Given material:
——

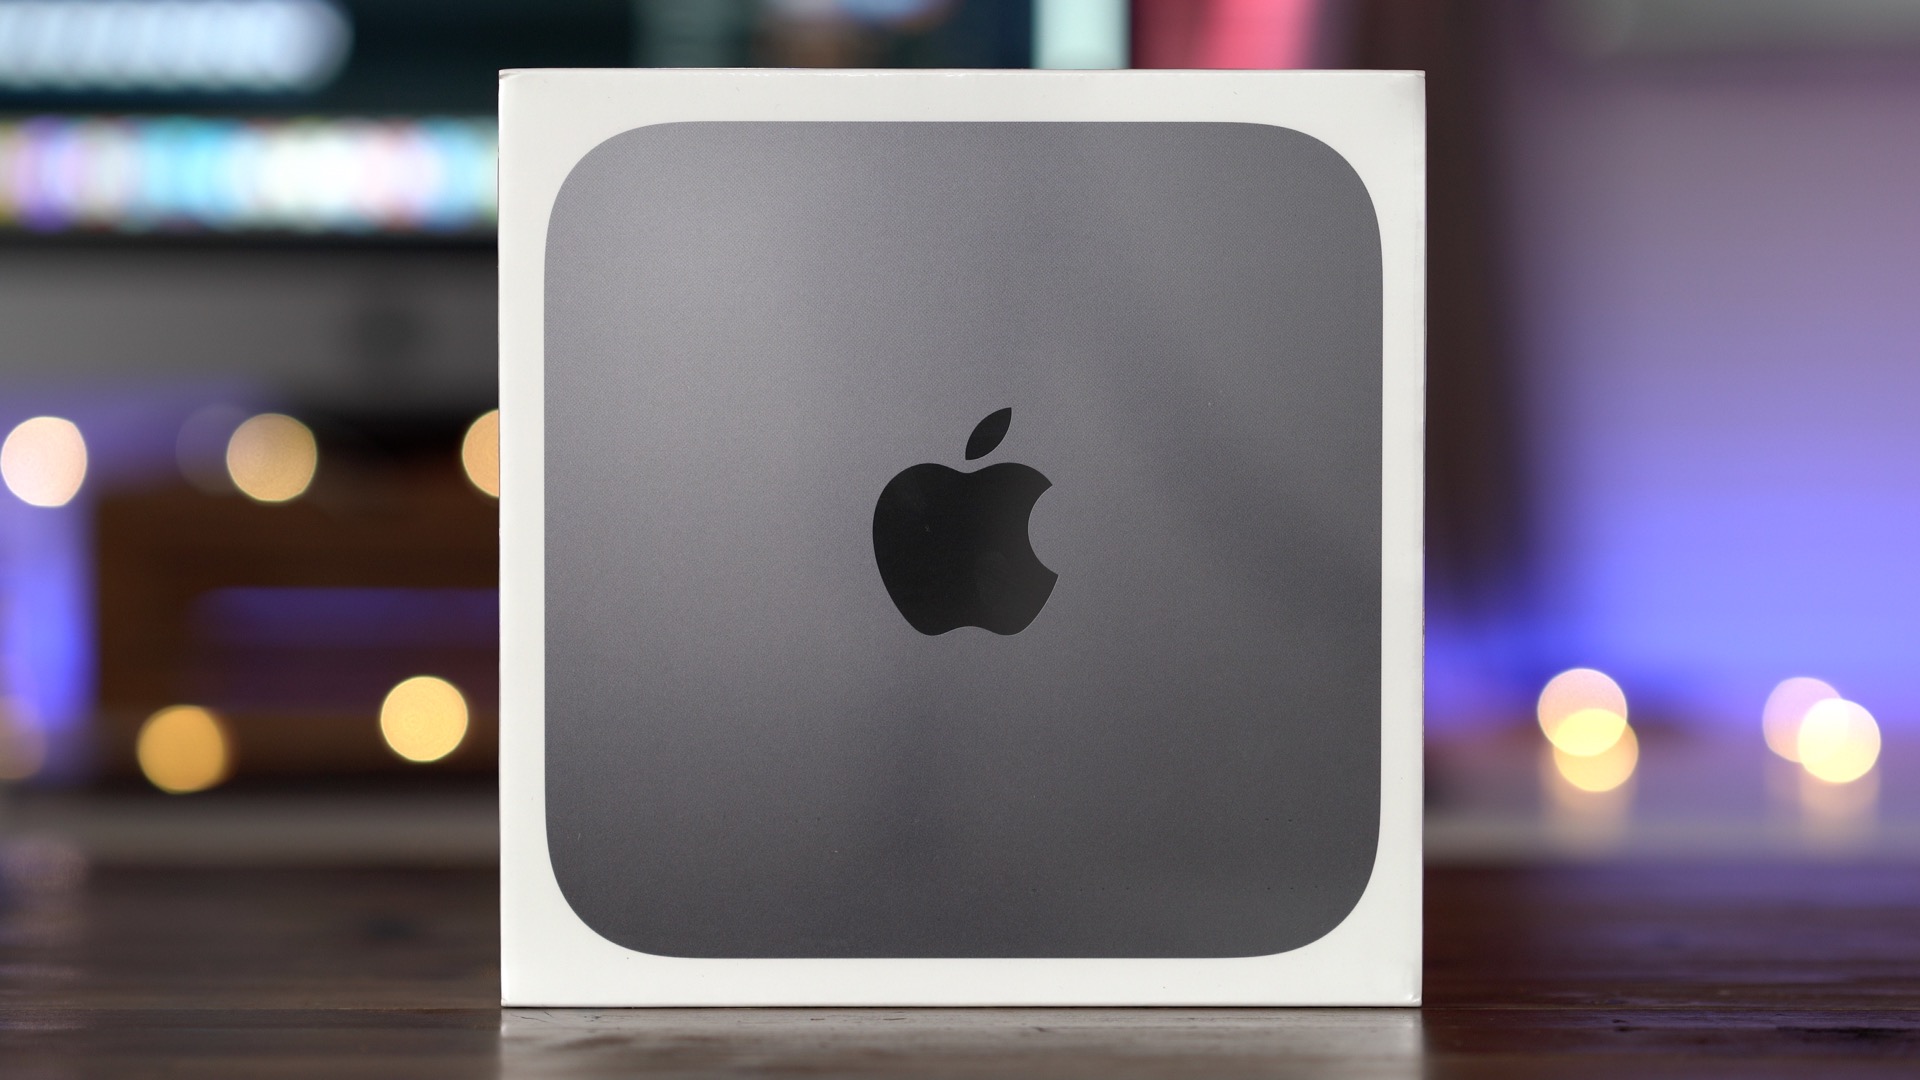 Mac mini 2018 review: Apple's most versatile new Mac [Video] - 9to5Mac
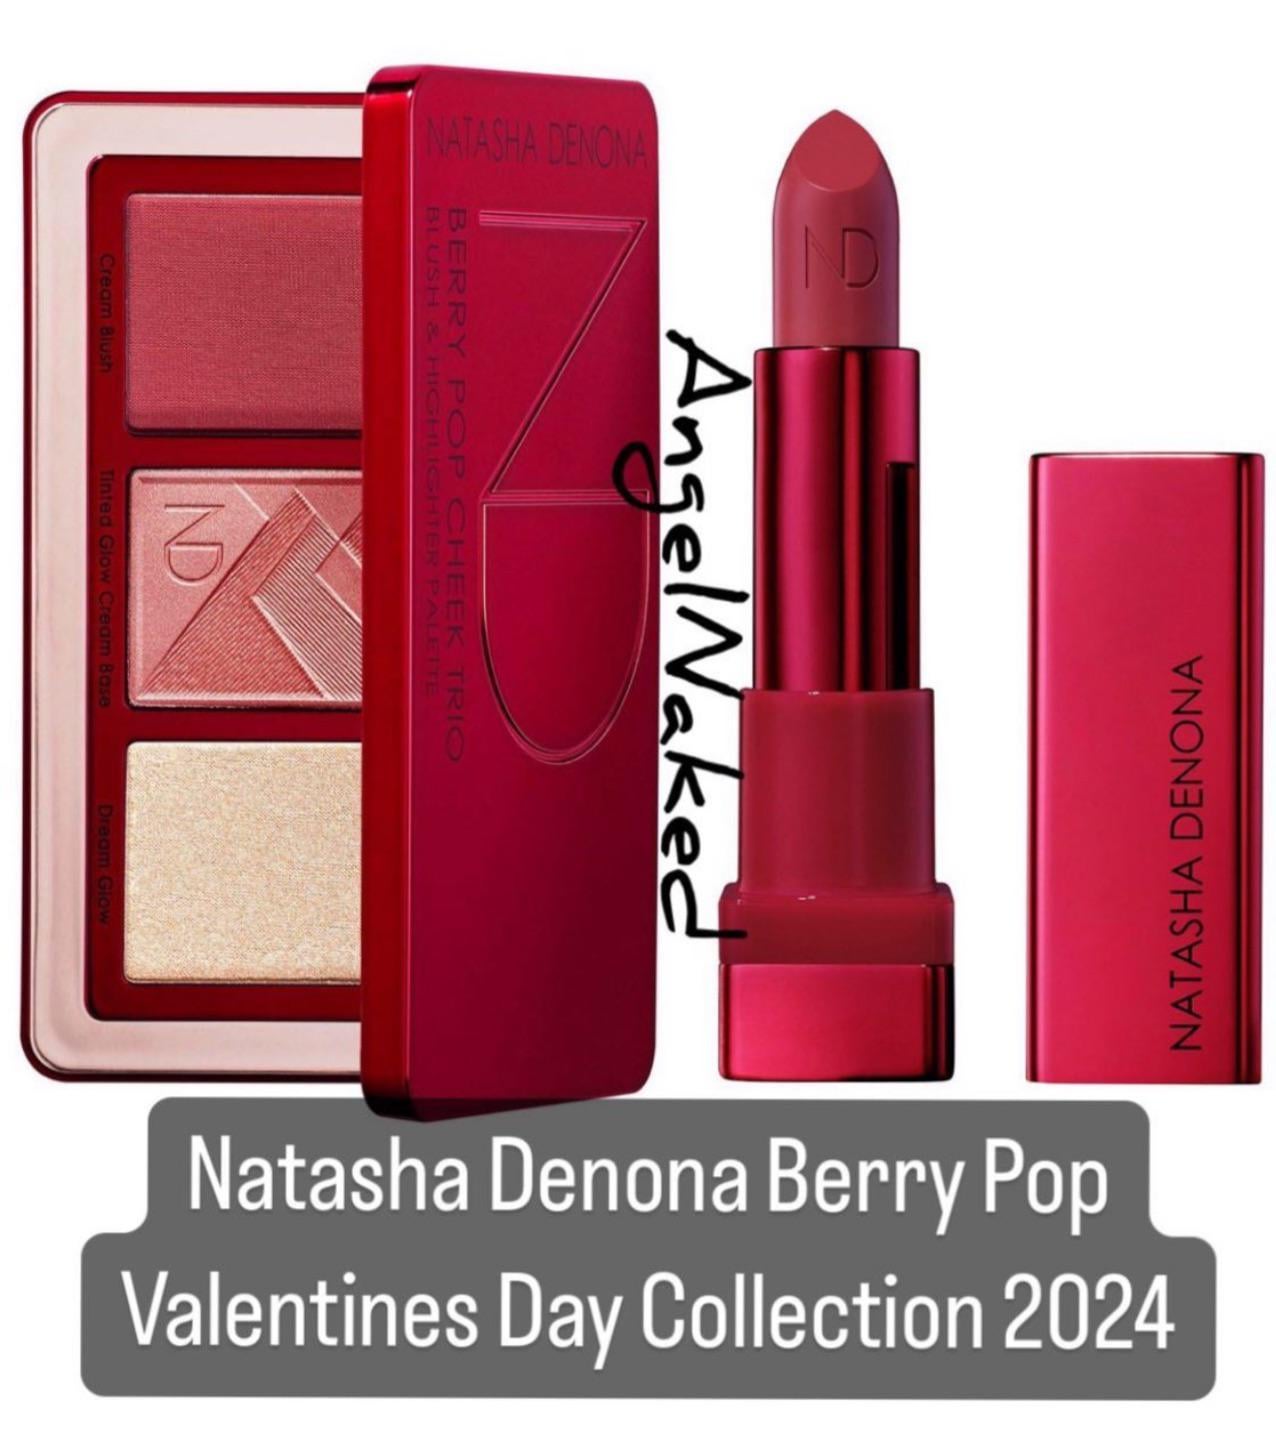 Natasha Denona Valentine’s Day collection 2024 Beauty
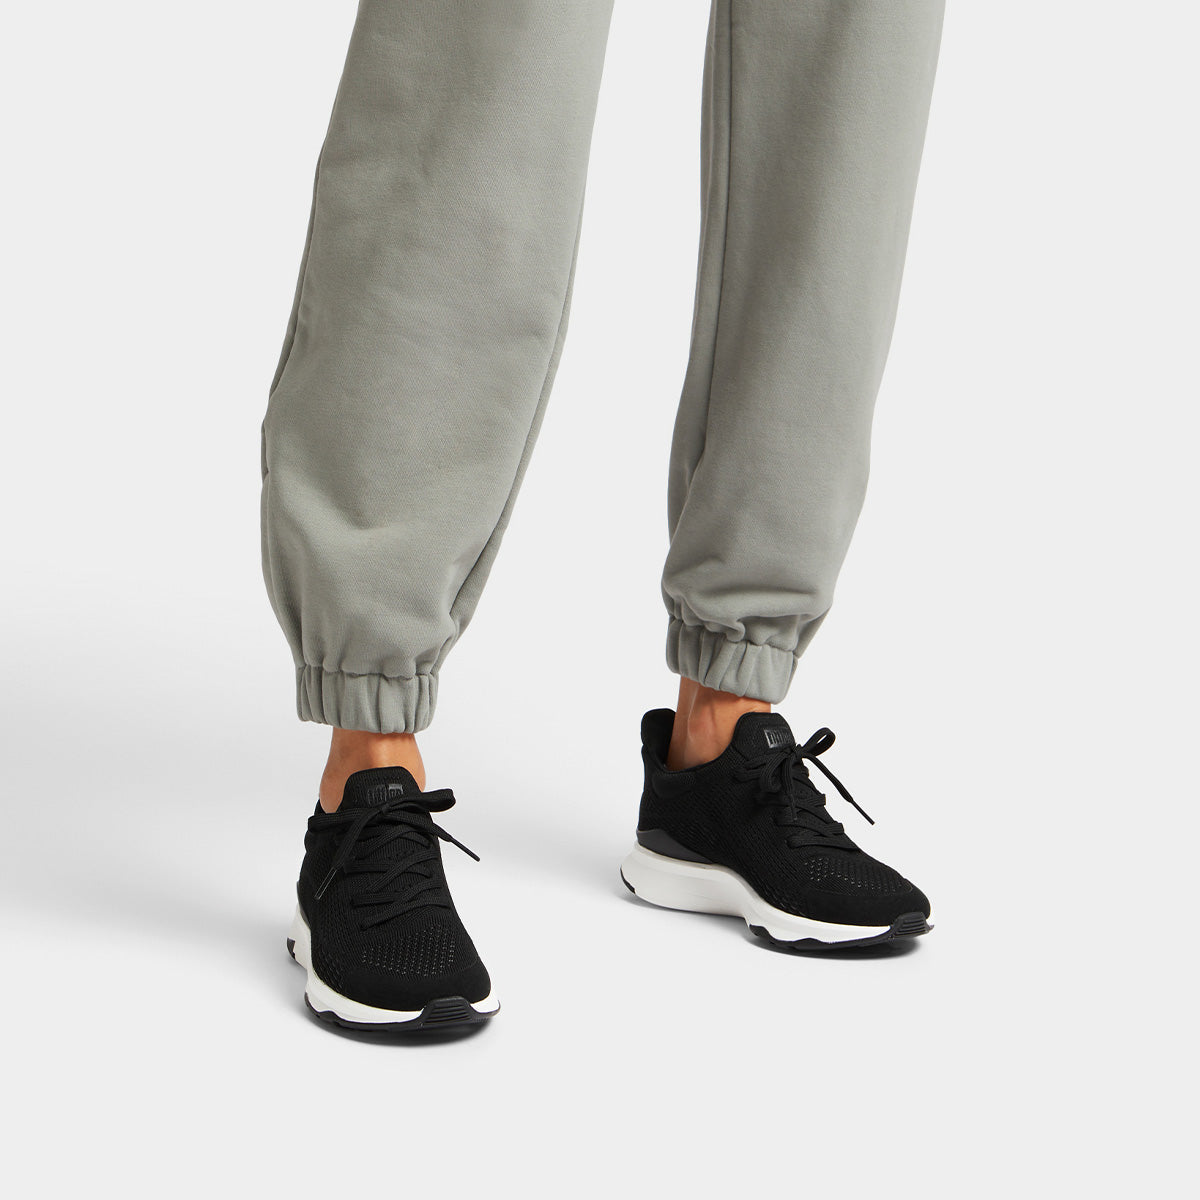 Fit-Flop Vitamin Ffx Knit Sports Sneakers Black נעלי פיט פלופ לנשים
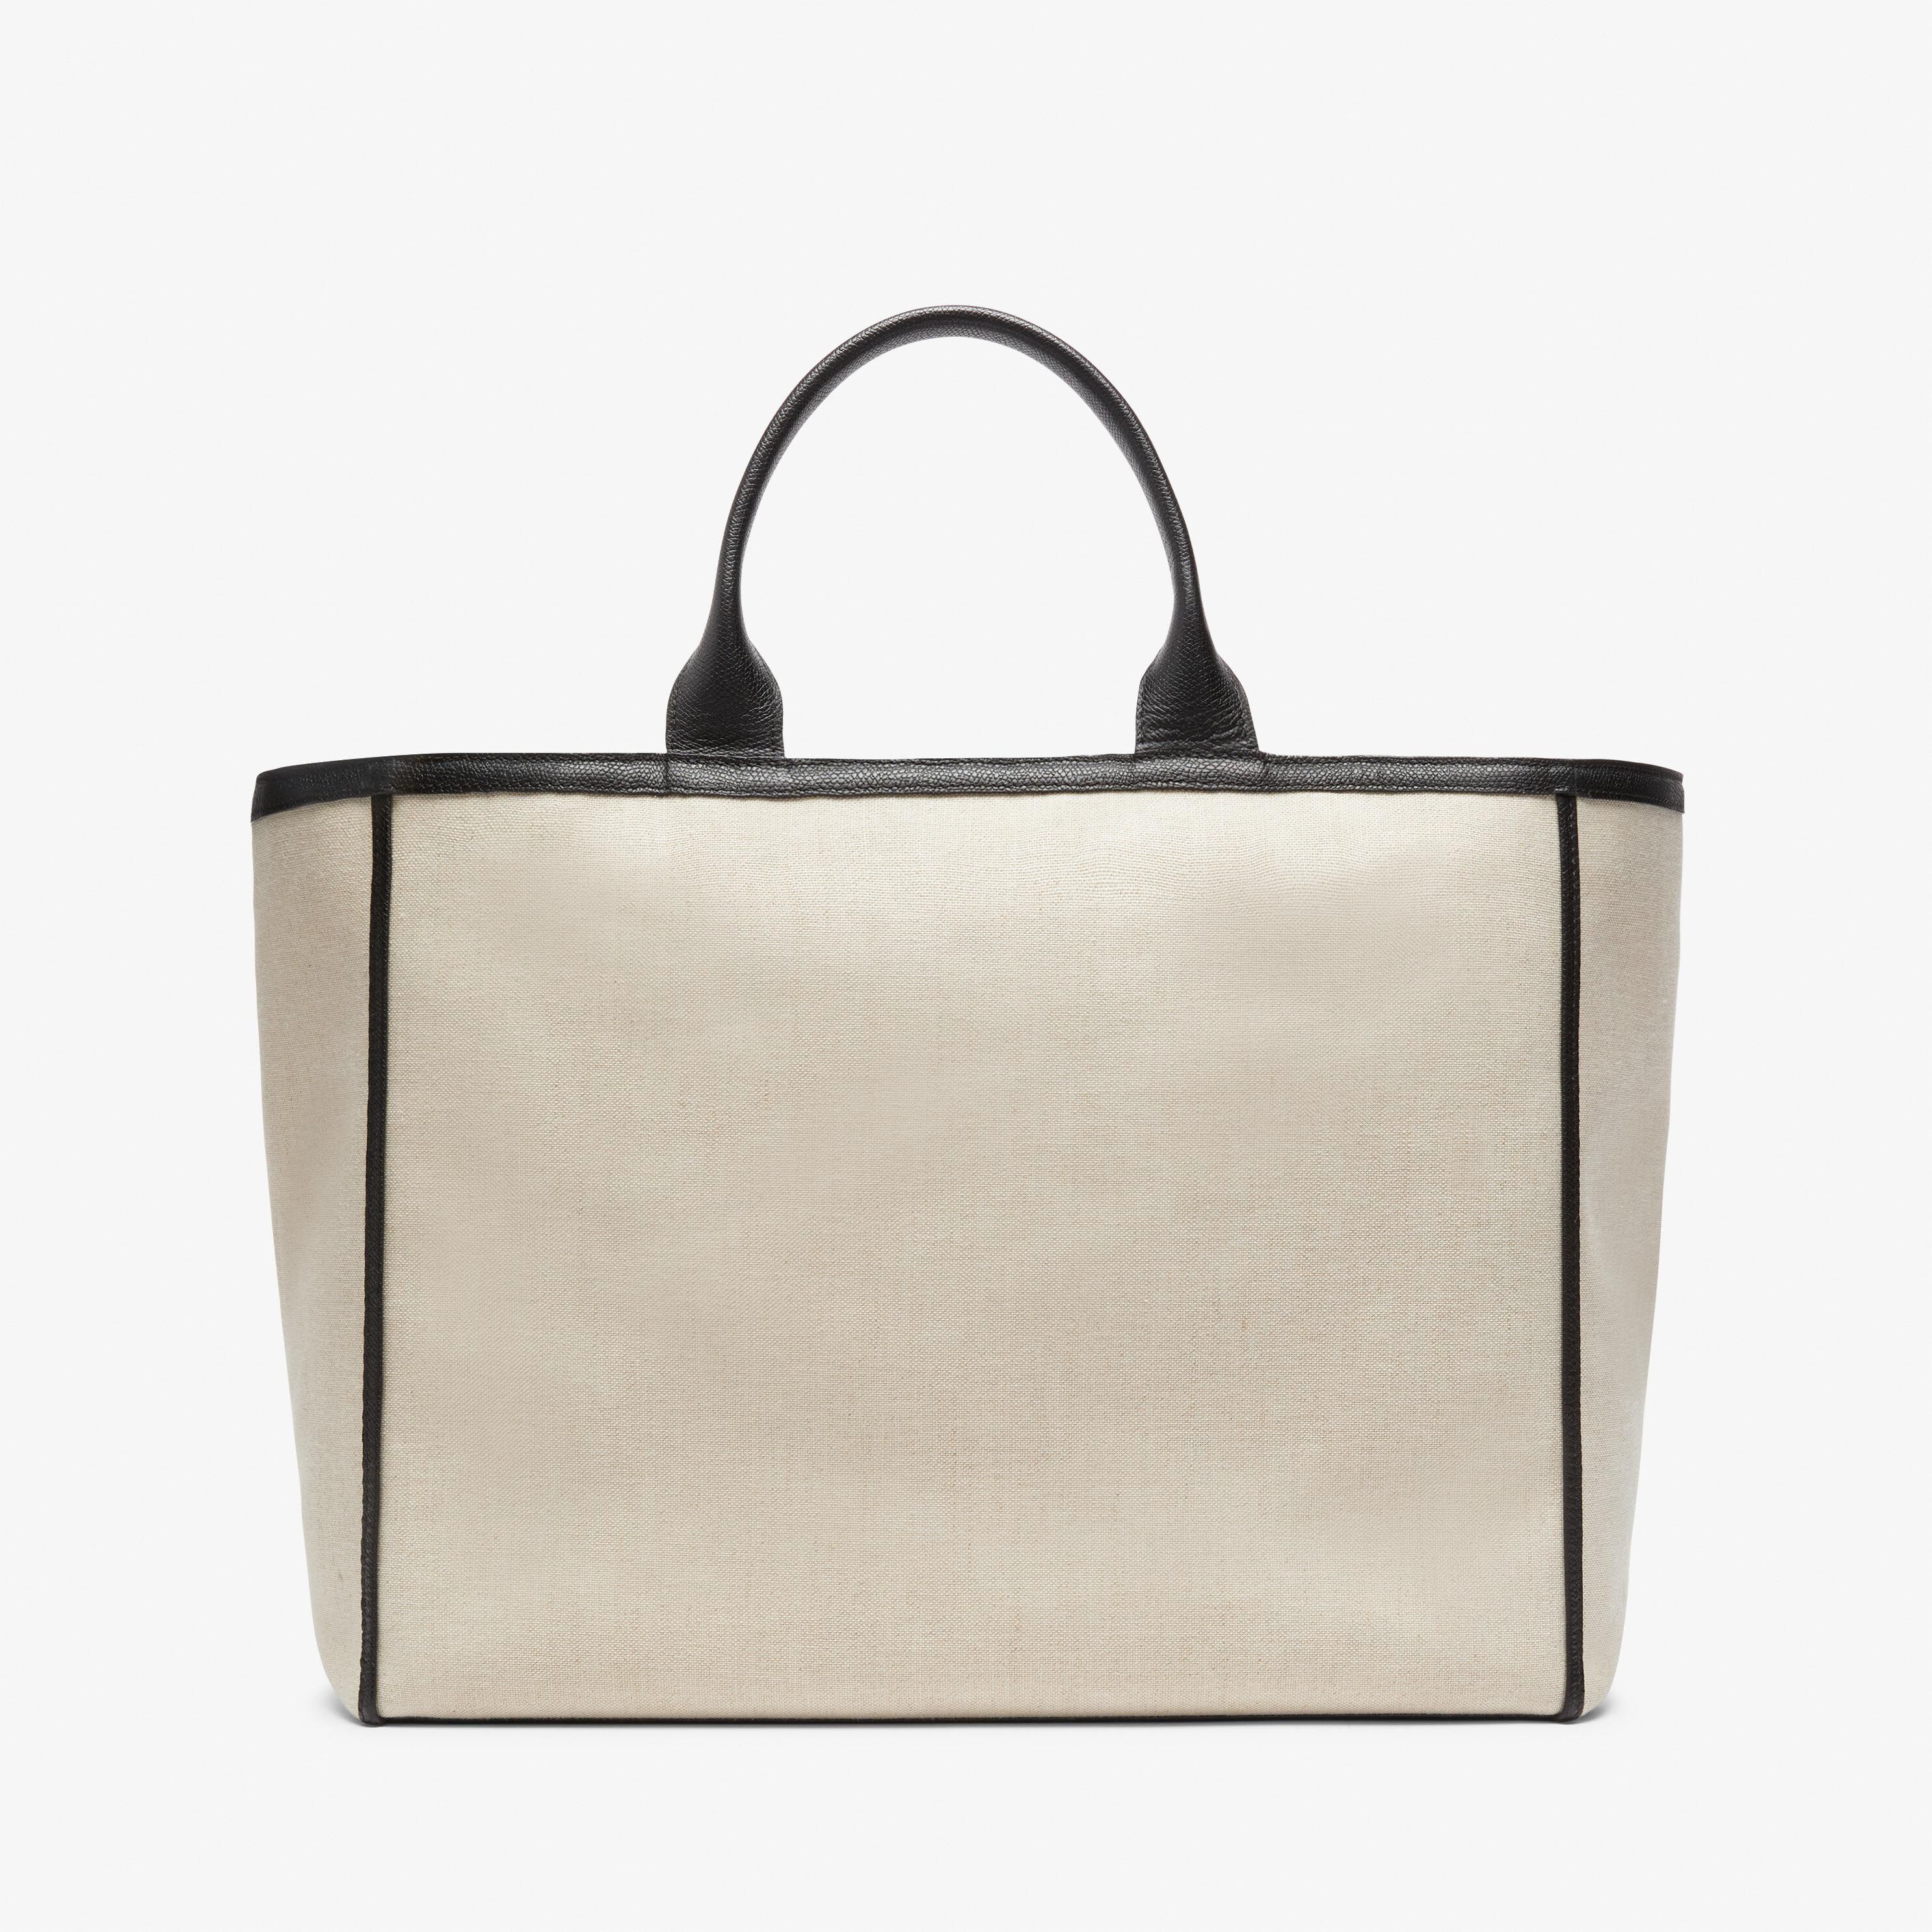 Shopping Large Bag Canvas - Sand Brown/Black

——

What to do: Word for word, restate the material above; do not carry over the pictures.

Answer for the task:
 Mac mini 2018 review: Apple's most versatile new Mac [Video] - 9to5Mac
 Natasha Denona Valentine’s Day collection 2024 Beauty
 Fit-Flop Vitamin Ffx Knit Sports Sneakers Black נעלי פיט פלופ לנשים
 Shopping Large Bag Canvas - Sand Brown/Black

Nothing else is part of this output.